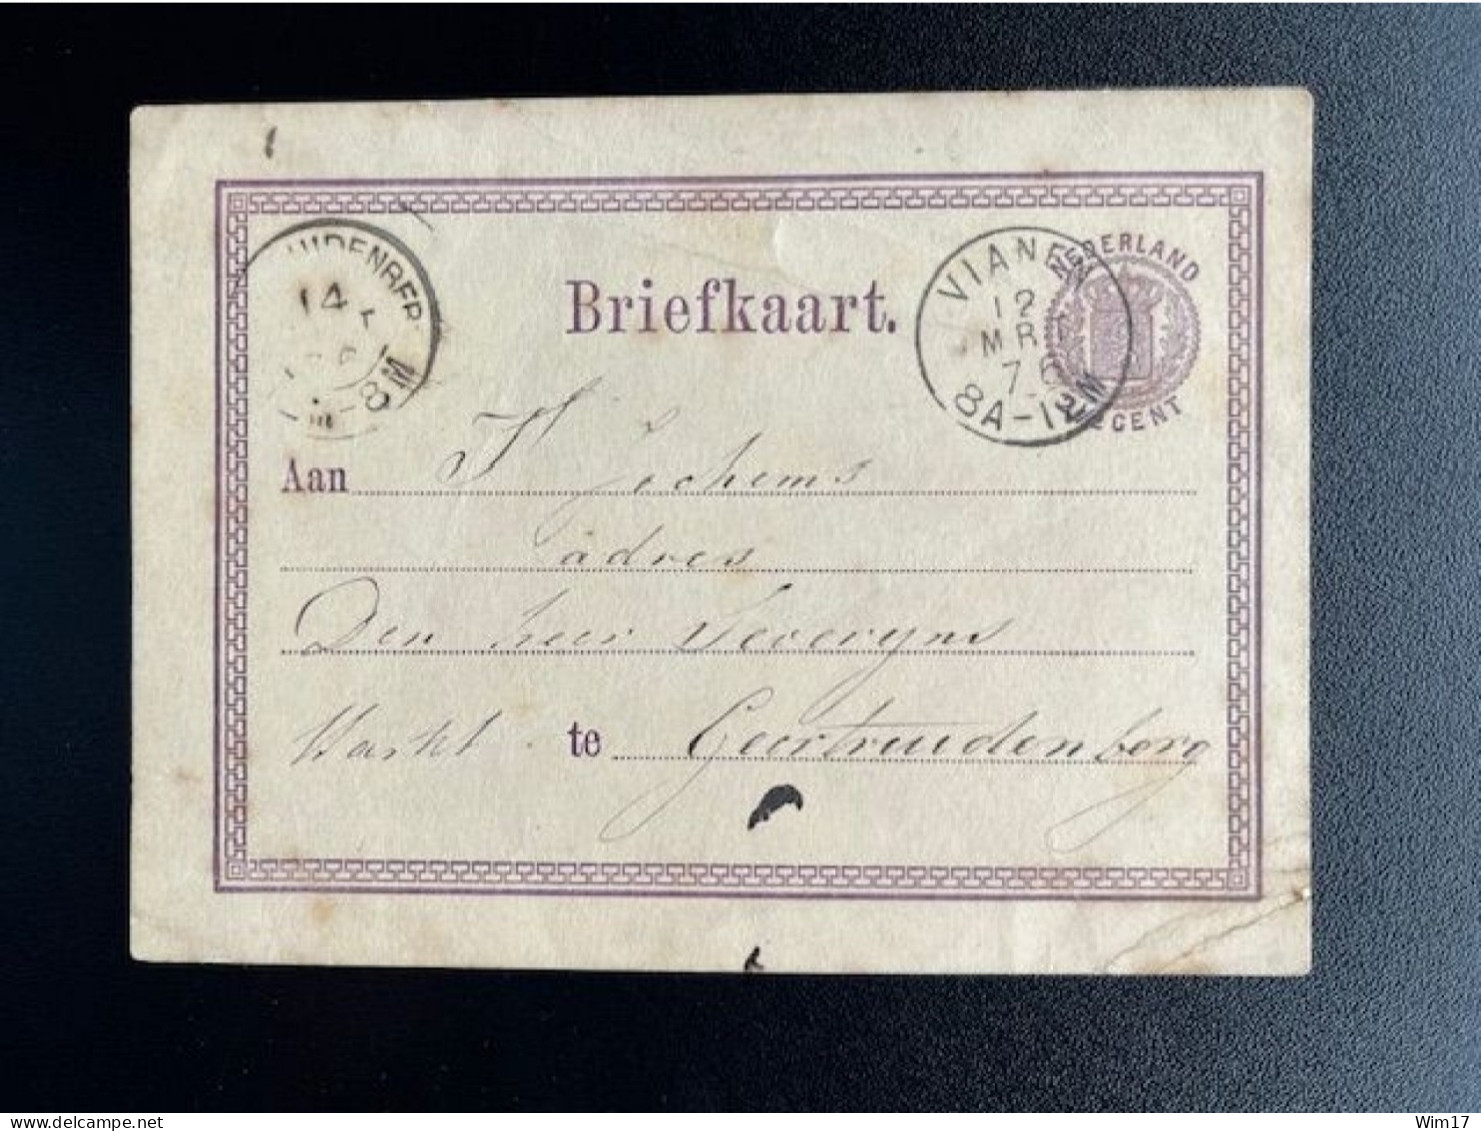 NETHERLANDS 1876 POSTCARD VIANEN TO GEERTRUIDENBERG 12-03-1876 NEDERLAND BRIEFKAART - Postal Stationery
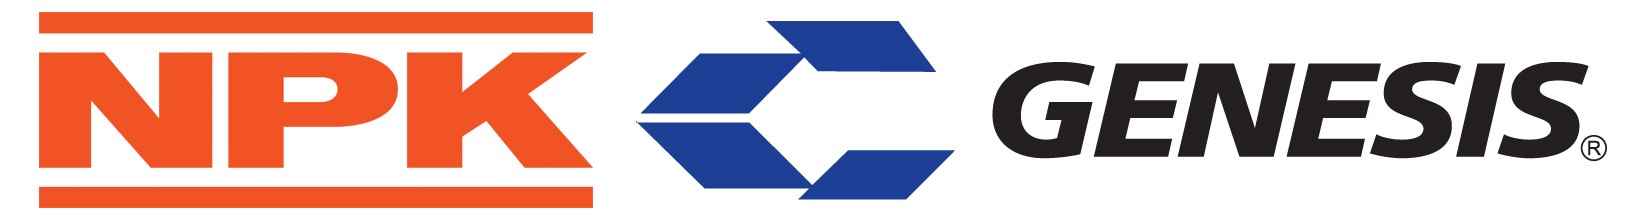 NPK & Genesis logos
...
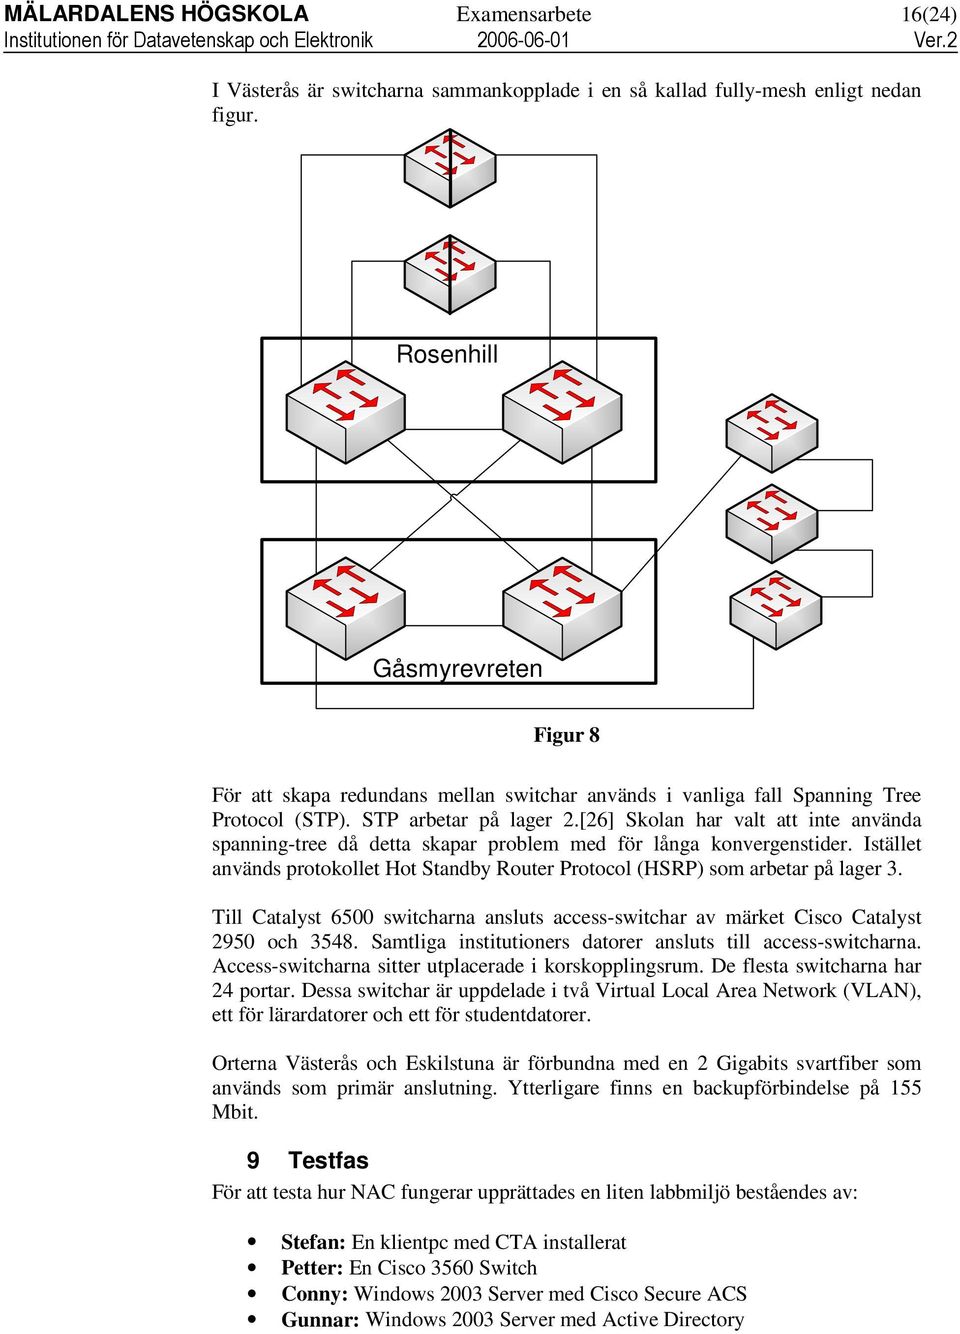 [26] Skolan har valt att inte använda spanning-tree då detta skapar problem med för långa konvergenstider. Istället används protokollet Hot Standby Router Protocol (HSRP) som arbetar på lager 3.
...
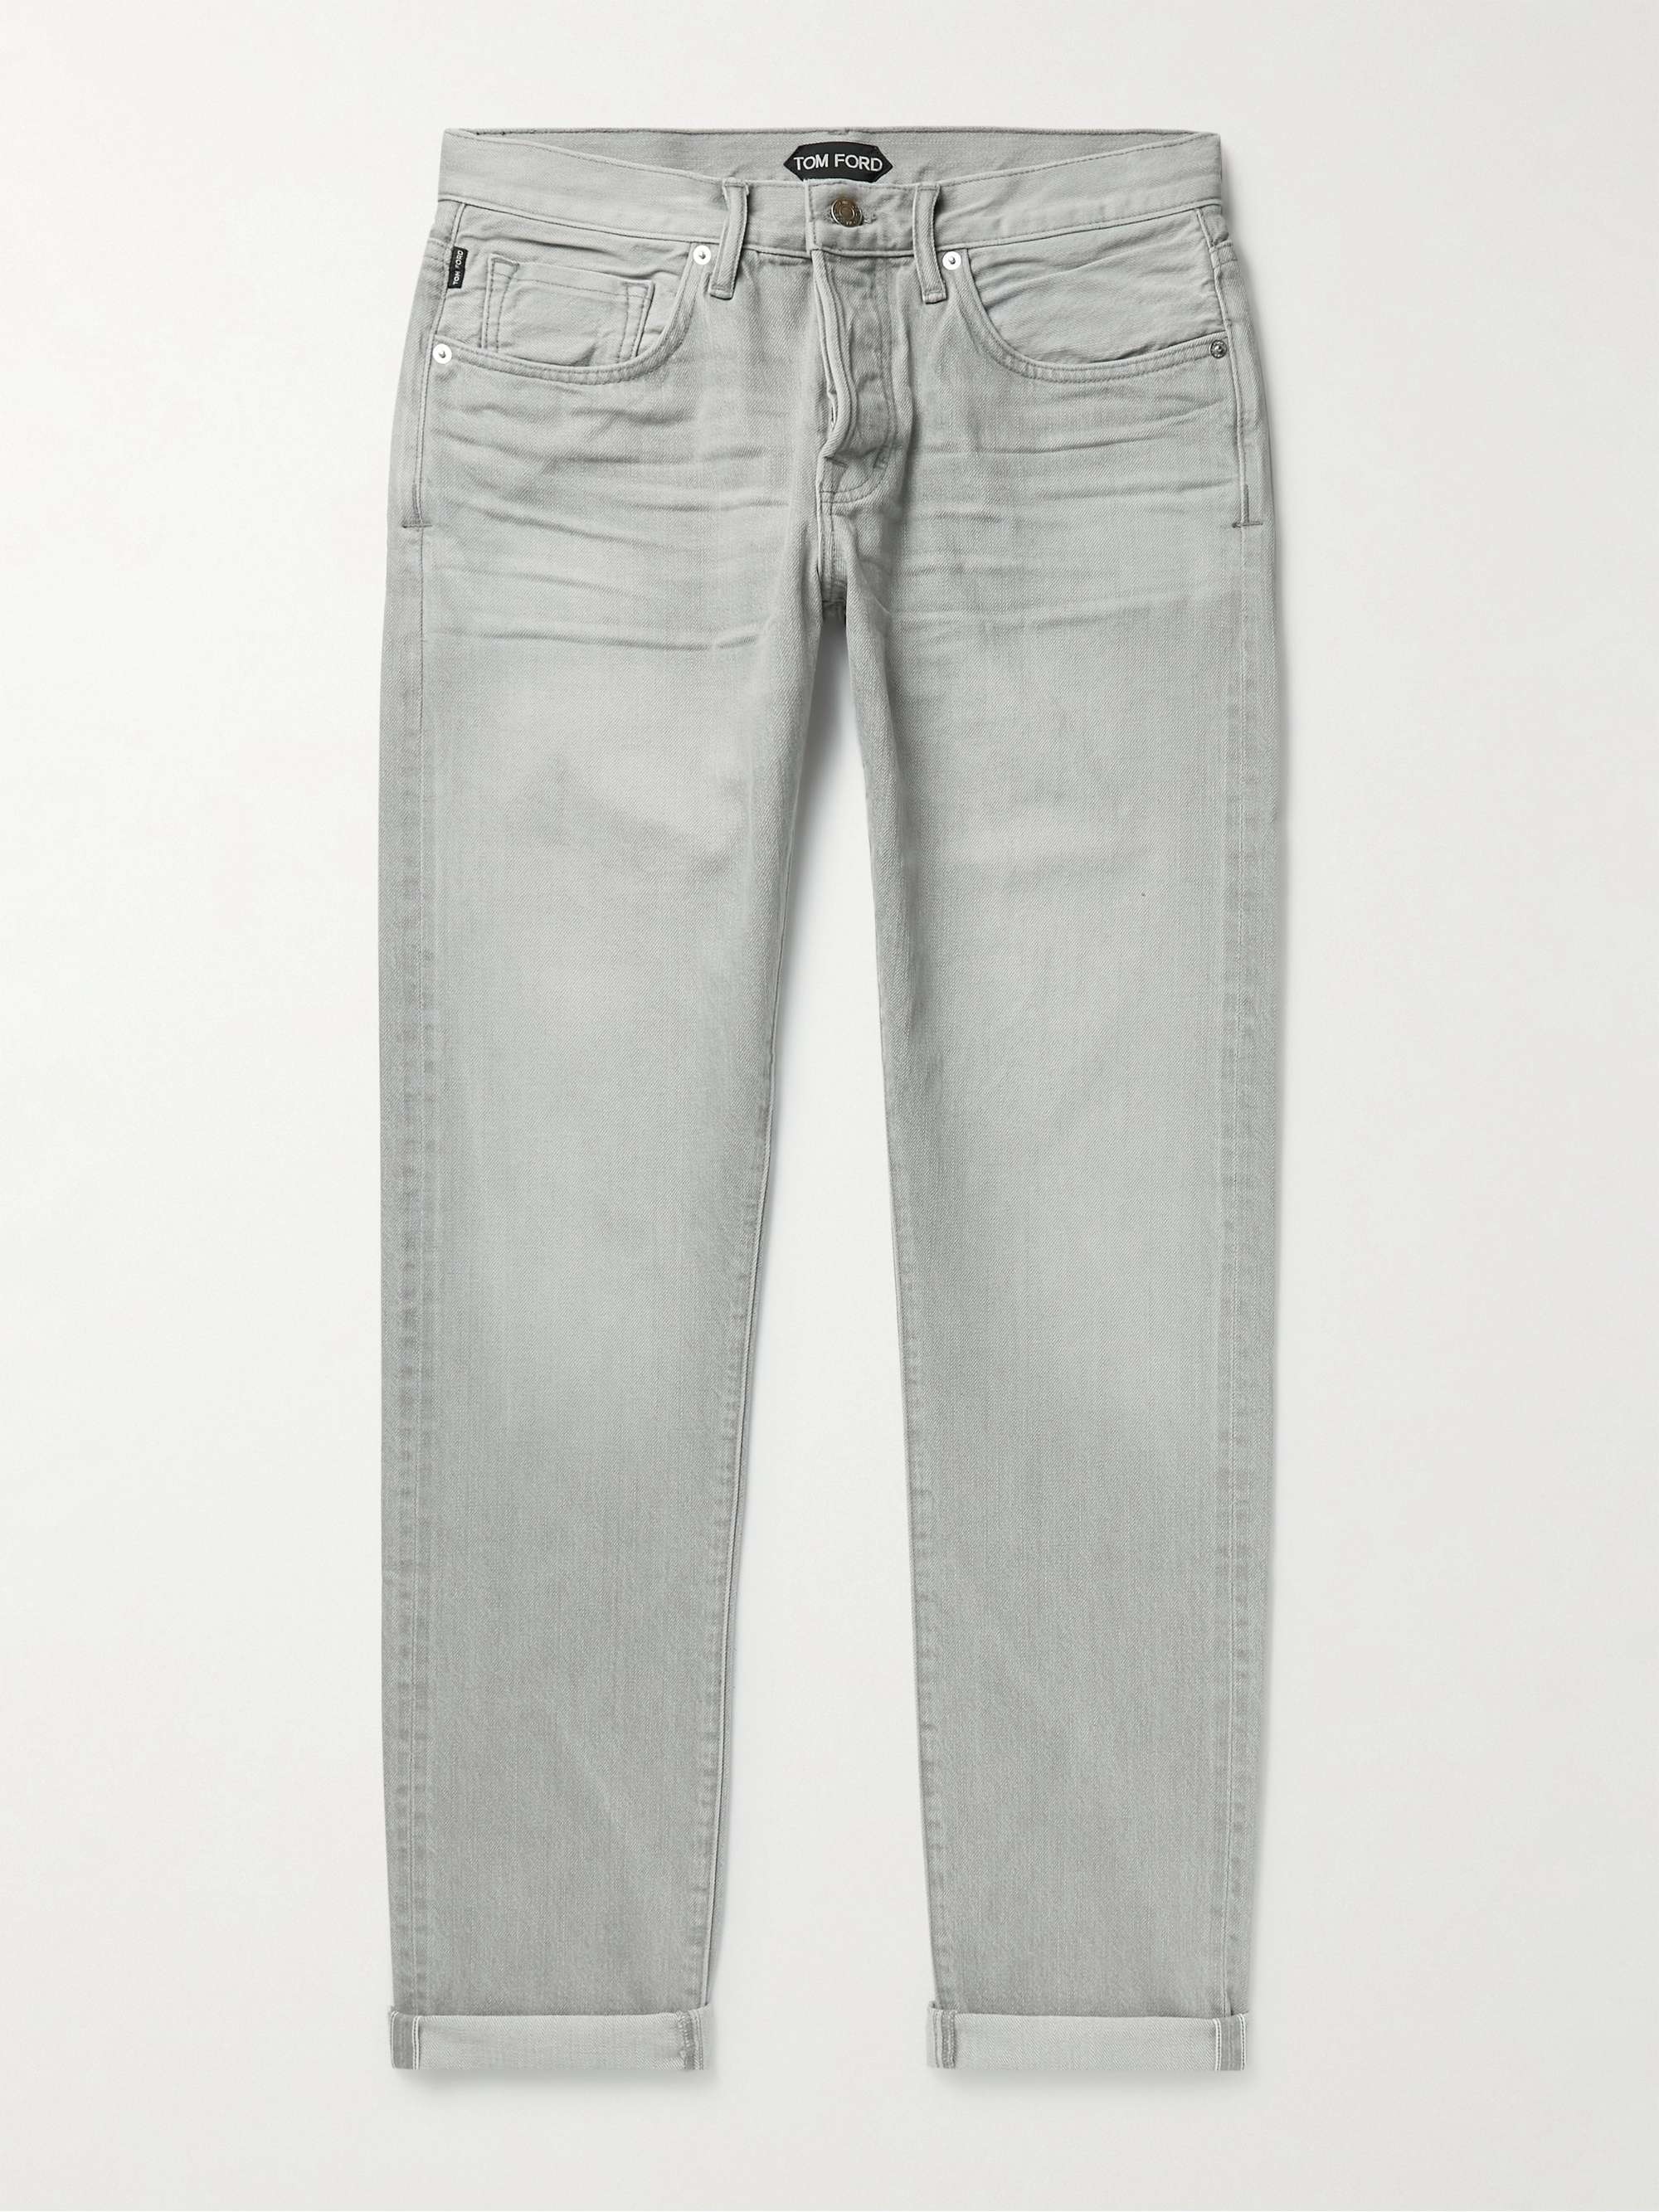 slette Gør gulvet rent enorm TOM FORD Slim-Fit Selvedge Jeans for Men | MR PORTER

- [WORK TO BE COMPLETED]: Among the entries above, copy exactly the stretch from the line holding "NETHERLANDS 1876 POSTCARD" through the line holding "NPK & Genesis logos", leaving out any pictures.

- [TASK SOLUTION]:
 NETHERLANDS 1876 POSTCARD VIANEN TO GEERTRUIDENBERG 12-03-1876 NEDERLAND BRIEFKAART - Postal Stationery
 NPK & Genesis logos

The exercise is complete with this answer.